Anyway, as you say, the point is that you can plan for other forms of abandonment and perform a risk analysis (assuming you could find out the marital status, age, family status of the contributors, which is incidentally all information that could be used to discriminate when someone is applying for a job!) but you can't plan for someone getting hit by a bus. It can happen to even the most dedicated contributors that you know would never abandon the project.

Abandonment vs. Bus/Truck factor - politically correctness

Posted Jul 19, 2015 16:29 UTC (Sun) by pr1268 (subscriber, #24648) [Link]

Maybe "politically correct" was the wrong term... But, I've learned to describe a phrase as being not-PC whenever it involves grisly or macabre details; i.e. it might be more appropriate to use what the GP suggested.

For example, I've been called out for calling this thing a "finger chopper". (Shame on me!)

I certainly did not mean to imply that "bus factor" (or "truck factor") was discriminatory; but instead (like our editor and the GP said) somewhat morbid.

Abandonment vs. Bus/Truck factor - politically correctness

Posted Jul 21, 2015 15:05 UTC (Tue) by jwakely (guest, #60262) [Link]

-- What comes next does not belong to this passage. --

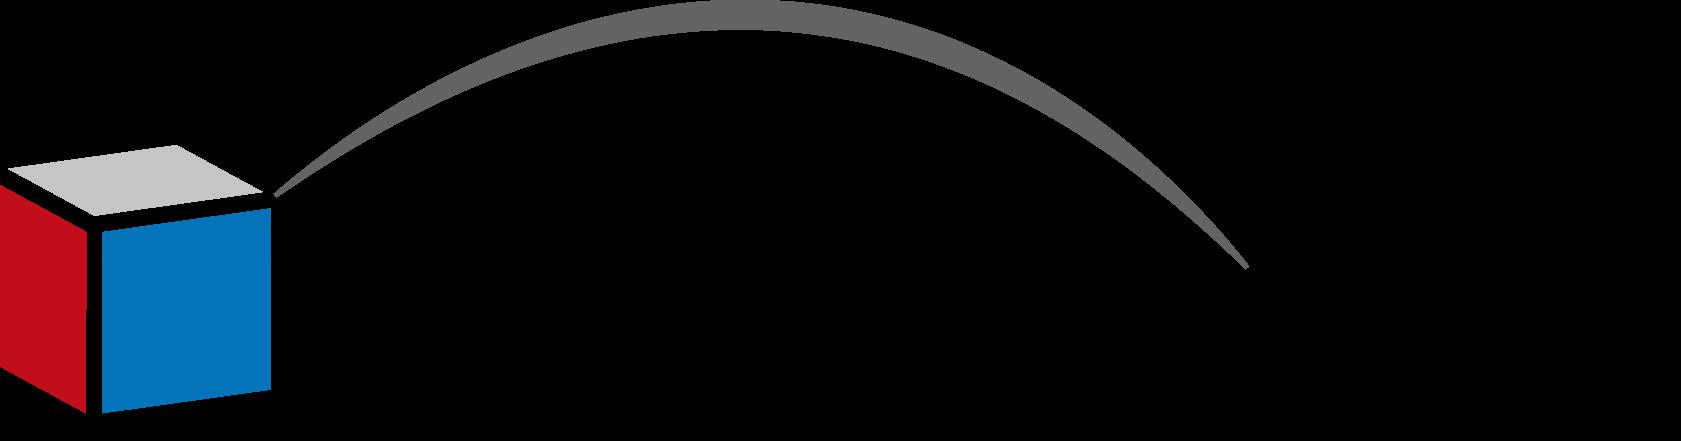 Paul Wurth Incub Logo C-transparent-new to add

> For example, I've been called out for calling this thing a "finger chopper". (Shame on me!)

Haha! When I was at school we called that a guillotine, which brings even gorier imagery to mind :)

Abandonment vs. Bus/Truck factor

Posted Jul 20, 2015 14:25 UTC (Mon) by fb (guest, #53265) [Link]

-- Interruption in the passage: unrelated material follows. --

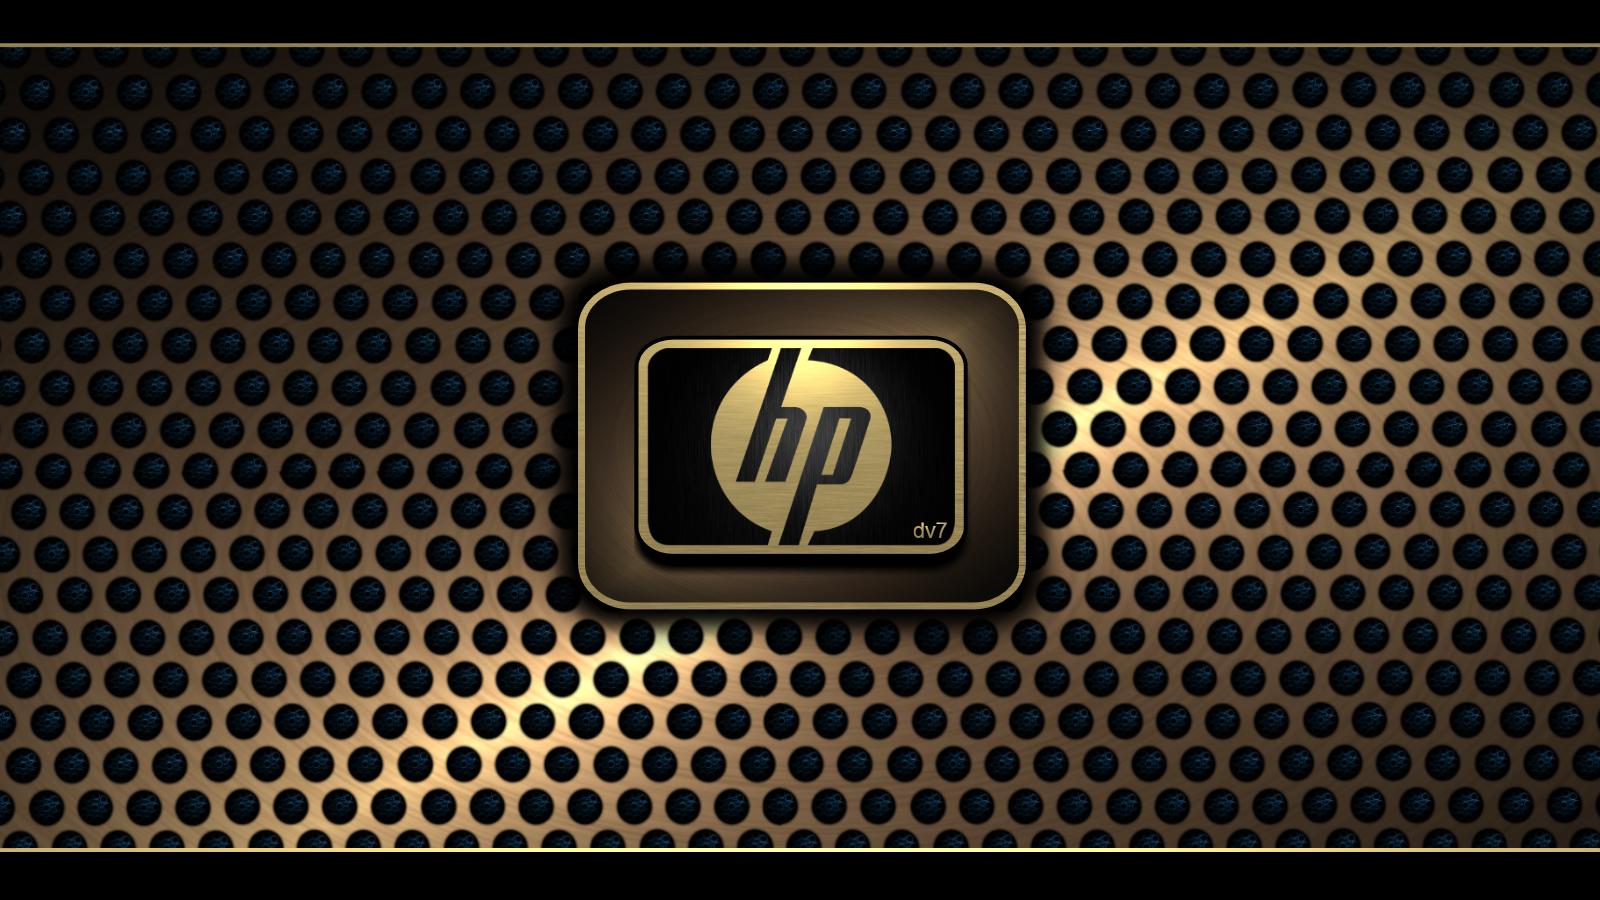 hp desktop wallpapers Desktop Backgrounds for HD Wallpaper 1600x900

For one, I agree that calling it 'politically incorrect' was not the most accurate choice of words by "pr1268".

That said, bringing such a morbid metaphor can be problematic. Specially when arguments get hot. IIRC Guido van Rossum really did not like when someone -amidst an adversarial discussion- started making comments about Guido suffering a (fatal) bus accident (IIRC it was over making integer division return a FractionalNumber in Python many/many years ago.... with which Guido decided not to go ahead).

One can argue that "unlike the got too busy with something else" case, a deceased developer can't help with any comments etc. But I still /think/ we have more projects where the developer simply abandons a project "never to be heard from again" due to "getting busy with other things" than due to loss of life.

Abandonment vs. Bus/Truck factor

Posted Jul 21, 2015 1:31 UTC (Tue) by dakas (guest, #88146) [Link]

Not politically correct would be "Discovered girls factor". "Got a life factor" would be gender neutral but still playing on stereotypes. Though those stereotypes will likely hold strongest for the projects with low bus factor, probably related to the "this is my baby factor".

Incidentally, the statistics don't seem to include the projects with a bus factor of 0. I'd guess those to constitute the majority.

Abandonment vs. Bus/Truck factor

Posted Jul 29, 2015 1:40 UTC (Wed) by apollock (subscriber, #14629) [Link]

Well, in the defense of our editor and the authors of the paper, that term has been used for over twenty years (according to the Wikipedia page linked in our editor's blurb).

While I agree it's not the most pleasant nor politically-correct term, it is commonly known among software development organizations (or at least it should be).

In the now defunct SysOps, we had a sysadmin who objected to the term "hit by a bus" because he knew someone who had literally been hit by a bus, so we came up with "Eaten by a GRUE" to remove the microaggression.

We extended it to be a great disaster recovery training exercise with GRUE becoming a backronym for "Google's Real Untimely Education". A sysadmin could declare they were "eaten by a GRUE" for the day and go off and work on something that didn't involve interacting with the service they were normally responsible for (or any of the co-workers who would have to step in and pick up the pieces).

Abandonment factor.

Posted Jul 21, 2015 5:05 UTC (Tue) by NightMonkey (subscriber, #23051) [Link]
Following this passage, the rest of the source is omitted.